Offred remembers an incident at the Red Centre where Janine seemed to be in a trance, and spoke as if she was still a waitress. Moira slapped her face to bring her round before the Aunts saw her.
Commentary on chapter thirty-three
The Prayvaganza - This portmanteau word derives from prayer and ‘extravaganza', suggesting that there will be an elaborate ceremony based on prayer. In the next chapter we discover that it is in fact a mass wedding, such as those arranged in the late twentieth century by ‘Moonie' leader Sun Myung Moon, in which thousands of couples were married. (See Religious and philosophical context.)
The building's former name, some dead President they shot - Both Abraham Lincoln (assassinated in 1865) and John Kennedy (assassinated in 1963) have had public buildings, including University buildings, named after them.
God is a National Resource - This slogan seems to suggest that God is on the side of Gilead, and indeed is virtually controlled by the régime.
kneeling … on the cement floor - The physical position which the Handmaids have to adopt reinforces their subservient situation in Gilead's hierarchy.
Janine … had an eighth-month miscarriage – We discover that Janine has already failed to carry a baby to term. The fact that the next, much-wanted baby, which at first gave Janine some status as Ofwarren, was imperfect has instead only emphasised her repeated failure to produce a healthy child as required.

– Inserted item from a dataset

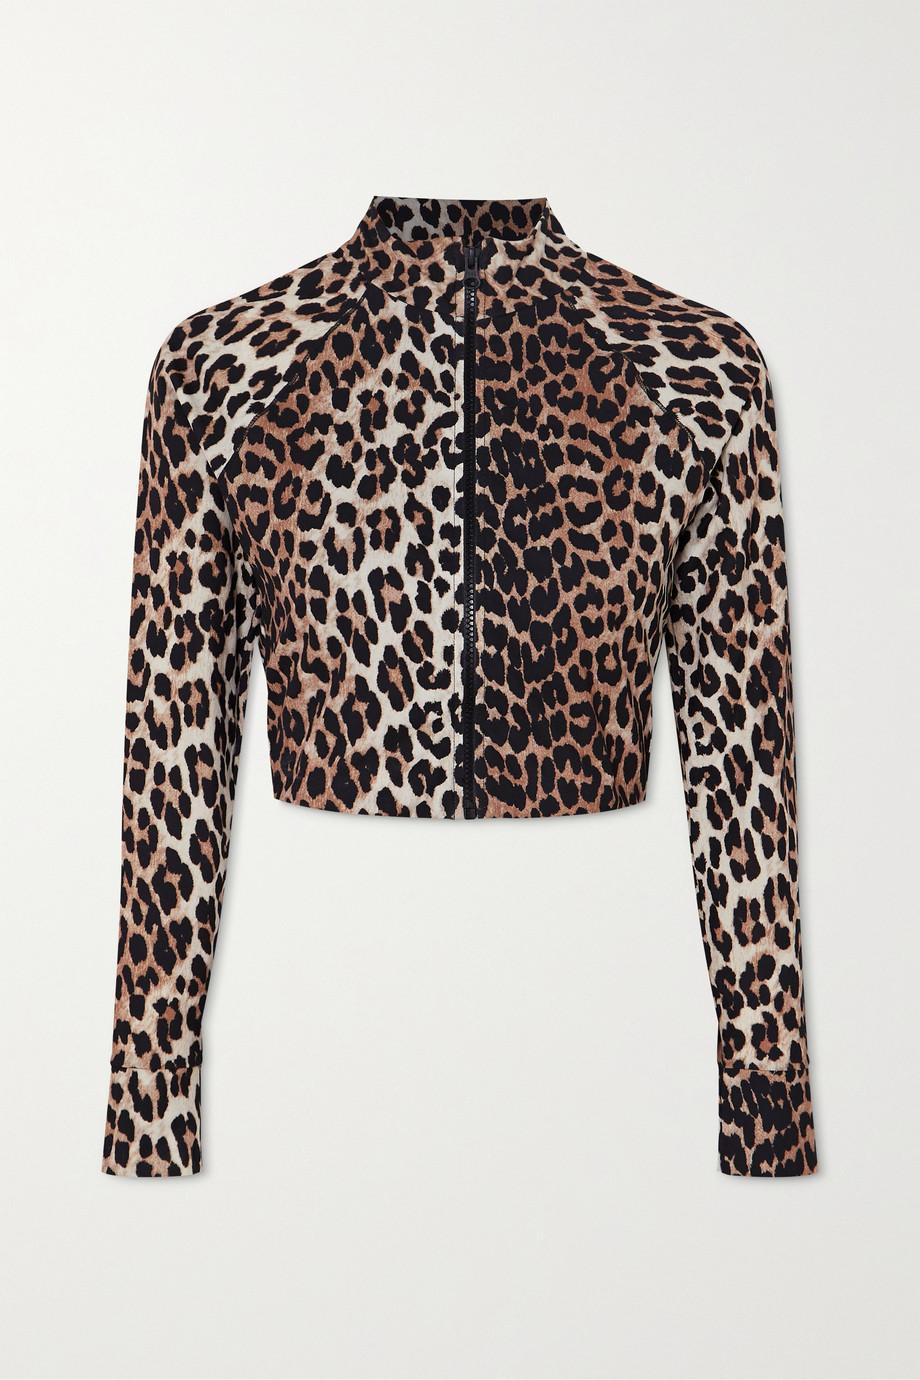 GANNI + NET SUSTAIN Bikini-Oberteil mit Leopardenprint

I'm your waitperson - in her trance-like state (whether real or assumed), Janine reverts to her role as a waitress - or ‘waitperson' as she was known in the politically correct post-feminist world just before the new régime seized power in Gilead.

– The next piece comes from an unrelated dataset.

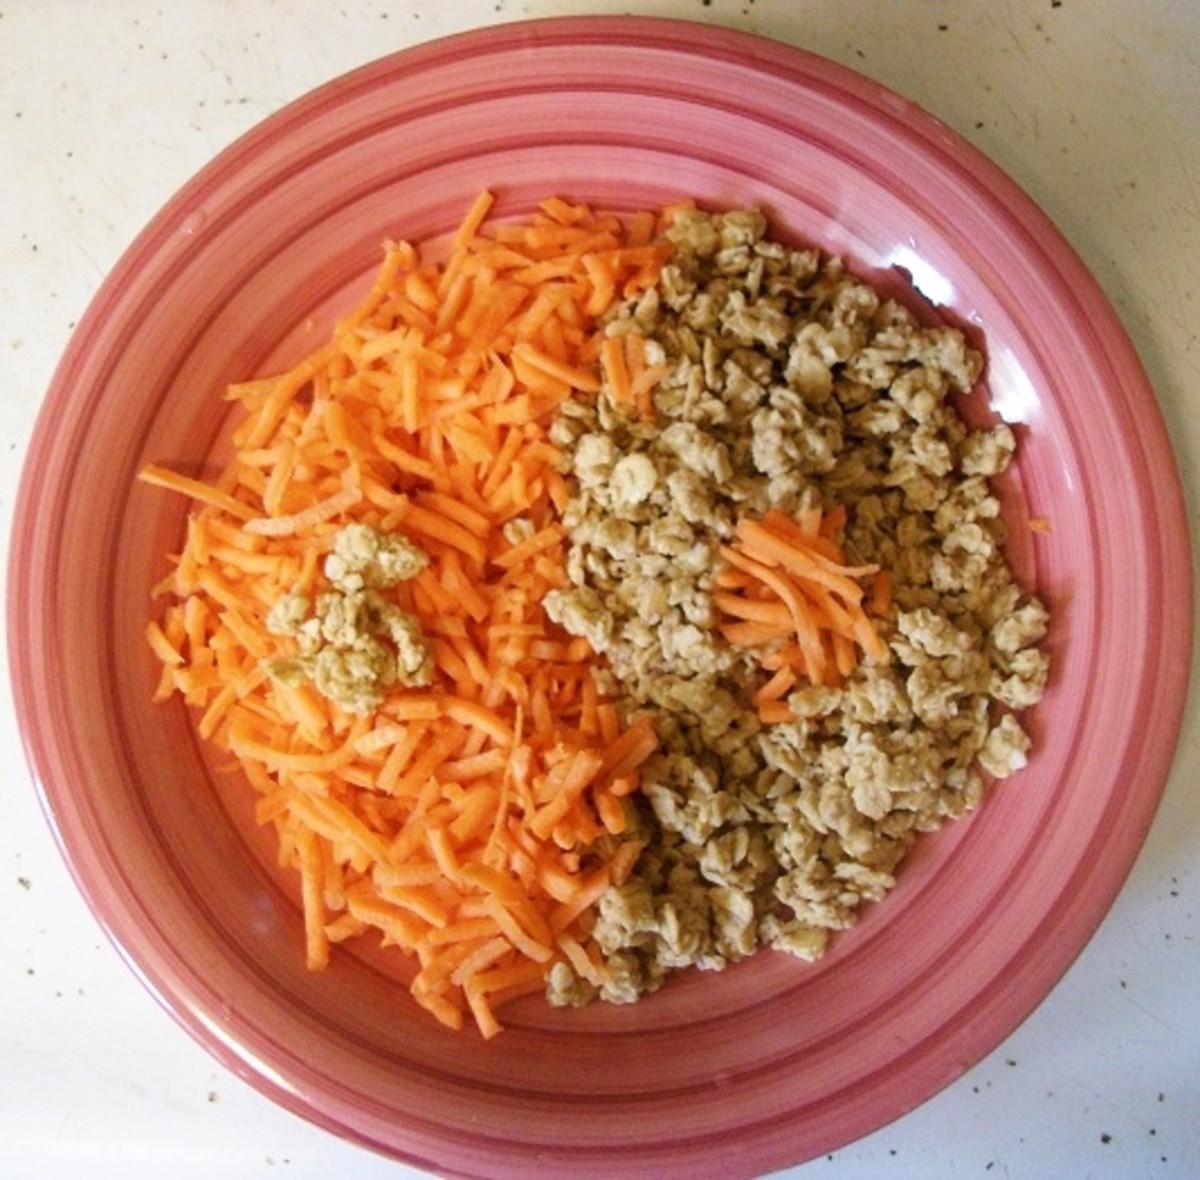 Star Ingredients: Carrot & Granola

They won't mess around with trying to cure you - Moira is fierce in order to save Janine. Whether Janine's mental state is real or assumed, it could lead to her execution - there is no tenderness in Gilead.
Investigating chapter thirty-three
- The main theme of John Wyndham's 1955 novel The Chrysalids is that chemical and other disasters lead to the birth of malformed babies, and that this is seen as a punishment from God. As in The Handmaid's Tale, he describes an imaginary American society with fundamentalist Christian views in which individuals who do not conform to the idea of genetic perfection are killed or banished to ‘the Fringes'.
- Read Wyndham's novel to look at how another science fiction writer treats one of Atwood's central themes, or use the internet to read a synopsis of The Chrysalids.